State Macro Wakeable? Example cause
Running / runnable TASK_RUNNING On CPU or waiting on run queue
Interruptible sleep TASK_INTERRUPTIBLE Yes (signal) Blocked on read(), epoll_wait()
Uninterruptible sleep TASK_UNINTERRUPTIBLE No DMA wait, VIDIOC_DQBUF in driver
Killable TASK_KILLABLE SIGKILL only NFS soft mount wait
Stopped __TASK_STOPPED SIGCONT Debugger, SIGSTOP
Zombie EXIT_ZOMBIE Awaiting parent waitpid()

Conceptual Review

  • Why does Linux use a single task_struct for both processes and threads? Simplicity and consistency. The scheduler, OOM killer, cgroup accounting, and CPU affinity mechanisms all operate on task_struct without needing special cases for threads. The distinction between process and thread is entirely in which fields are shared (mm, files) via the clone() flags.
  • What is a zombie process and why does it exist?
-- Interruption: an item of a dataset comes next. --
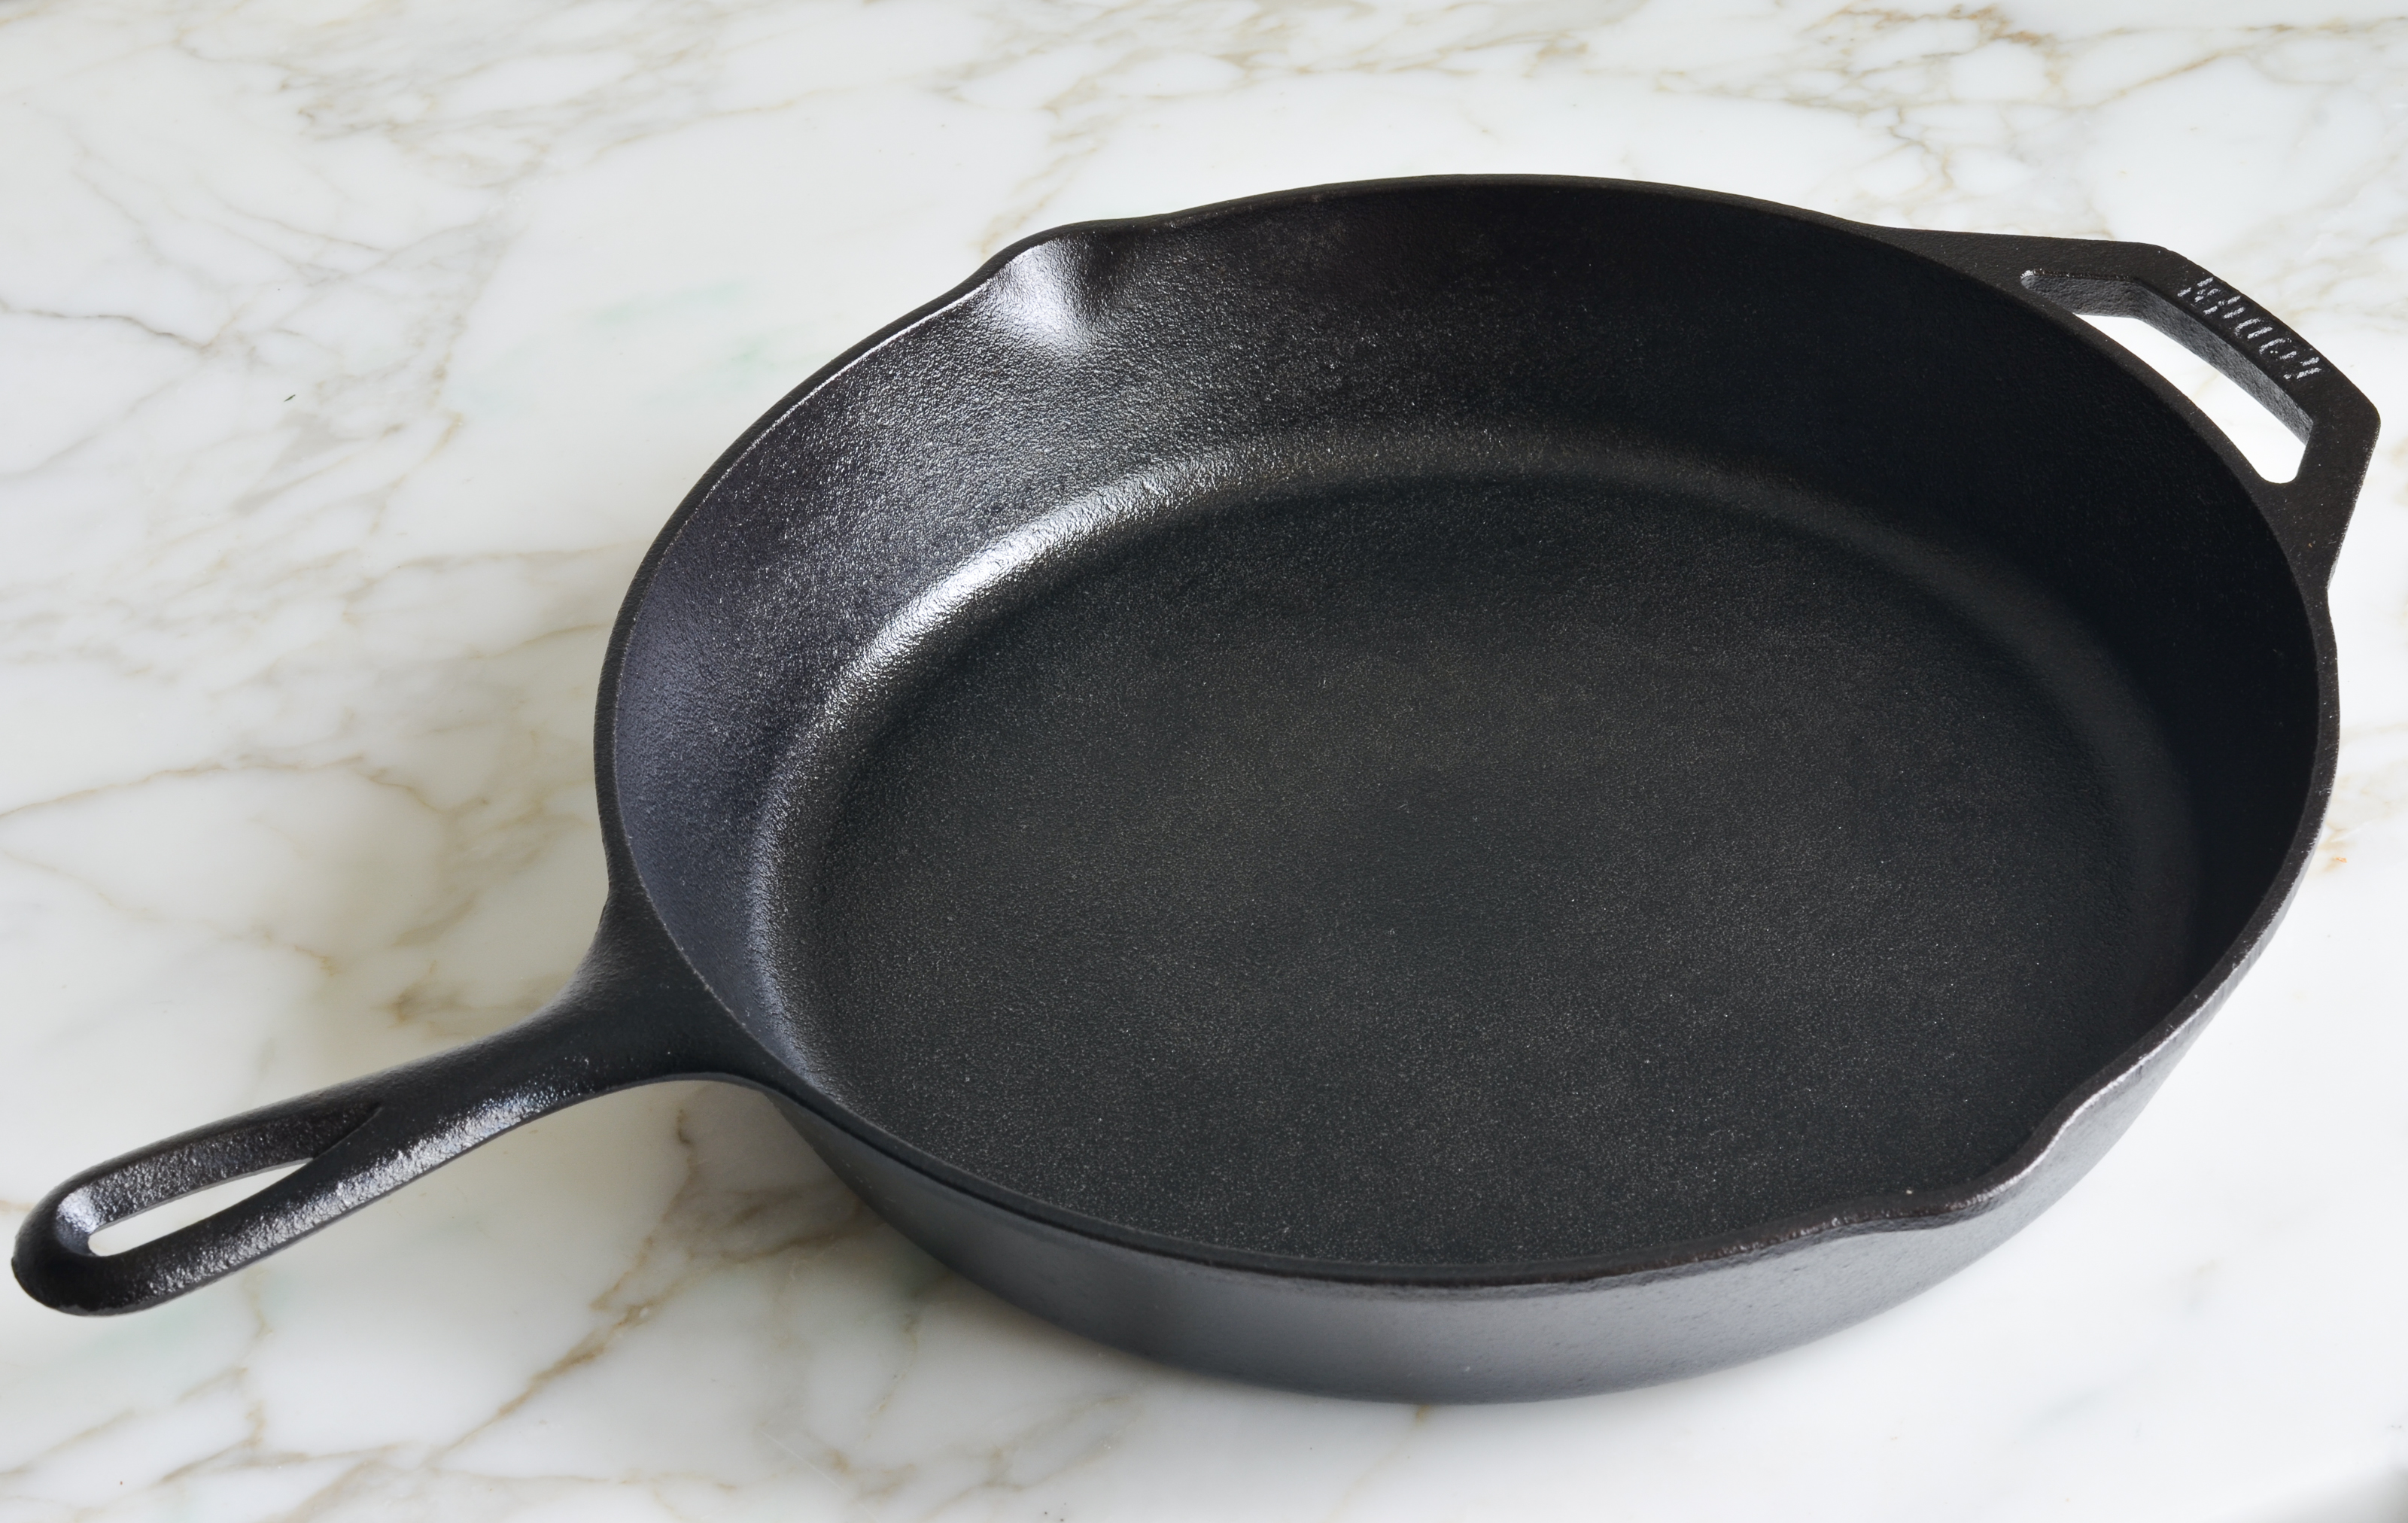 https://www.onceuponachef.com/images/2017/07/how-to-clean-a-cast-iron-pan-1.jpg

A zombie is a process that has called exit() but whose parent has not yet called wait(). The kernel keeps a minimal task_struct so the parent can retrieve the child's exit status. Zombies consume a PID slot but no CPU or memory. They accumulate when a parent fails to reap its children.
  • Why does fork() use Copy-on-Write instead of immediately copying memory? Copying the entire address space at fork() time would be prohibitively slow for large processes. Most fork()+exec() pairs never write to the parent's pages at all — execve() replaces the address space immediately. CoW defers the copy cost to the moment it is actually needed.
  • What does TASK_UNINTERRUPTIBLE mean in practice? The process is blocked inside a kernel code path (typically a hardware I/O operation) that cannot be safely interrupted. You cannot kill a process in this state with SIGKILL — only when the kernel I/O path completes (or times out) will the process become killable. Persistent D state means the hardware is hung.
  • How does clone() relate to fork() and pthread_create()? Both fork() and pthread_create() are implemented in terms of the clone() syscall. fork() calls clone() with no sharing flags (new mm, new files). pthread_create() calls clone() with CLONE_VM | CLONE_FILES | CLONE_SIGHAND (shared address space, shared file descriptors, shared signal handlers).
  • What is CPU affinity and why does it matter for inference? task_struct.cpus_mask is a bitmask of CPUs the task is allowed to run on. Pinning modeld to the big cluster (e.g., Cortex-A78AE on Orin) prevents the scheduler from migrating it to a LITTLE core mid-inference. Migration causes cache invalidation and pipeline stalls; affinity eliminates this variability.

AI Hardware Connection

  • task_struct.sched_class determines the scheduler for each task; assigning modeld to SCHED_FIFO switches it to rt_sched_class, preventing CFS/EEVDF jitter from delaying frame processing by up to 5 ms on an untuned system.
  • cpuset.cpus in cgroup v2 pins inference processes to isolated cores, preventing migration to cores shared with interrupt handlers; on Jetson Orin, the big-cluster Cortex-A78AE cores are typically reserved for modeld and camerad.
  • cpu.max throttles background processes (telemetry, logging) to a fixed quota so inference threads retain burst CPU headroom — directly writable at /sys/fs/cgroup/[pod]/cpu.max in Kubernetes.
  • openpilot's camerad, modeld, sensord, plannerd, and controlsd run as separate processes; CoW fork semantics give each an independent mm_struct, enabling crash isolation without corrupting sibling address spaces.
  • TASK_UNINTERRUPTIBLE appears in camera and DMA driver code paths — a persistent D-state process in /proc/[pid]/wchan pointing to v4l2_dqbuf or nvdla_submit immediately identifies the stalled hardware interface.
  • PID namespaces in Kubernetes inference pods isolate service process trees; /proc/[pid]/cgroup on the host maps any guest PID to its pod's resource accounting group for OOM investigation.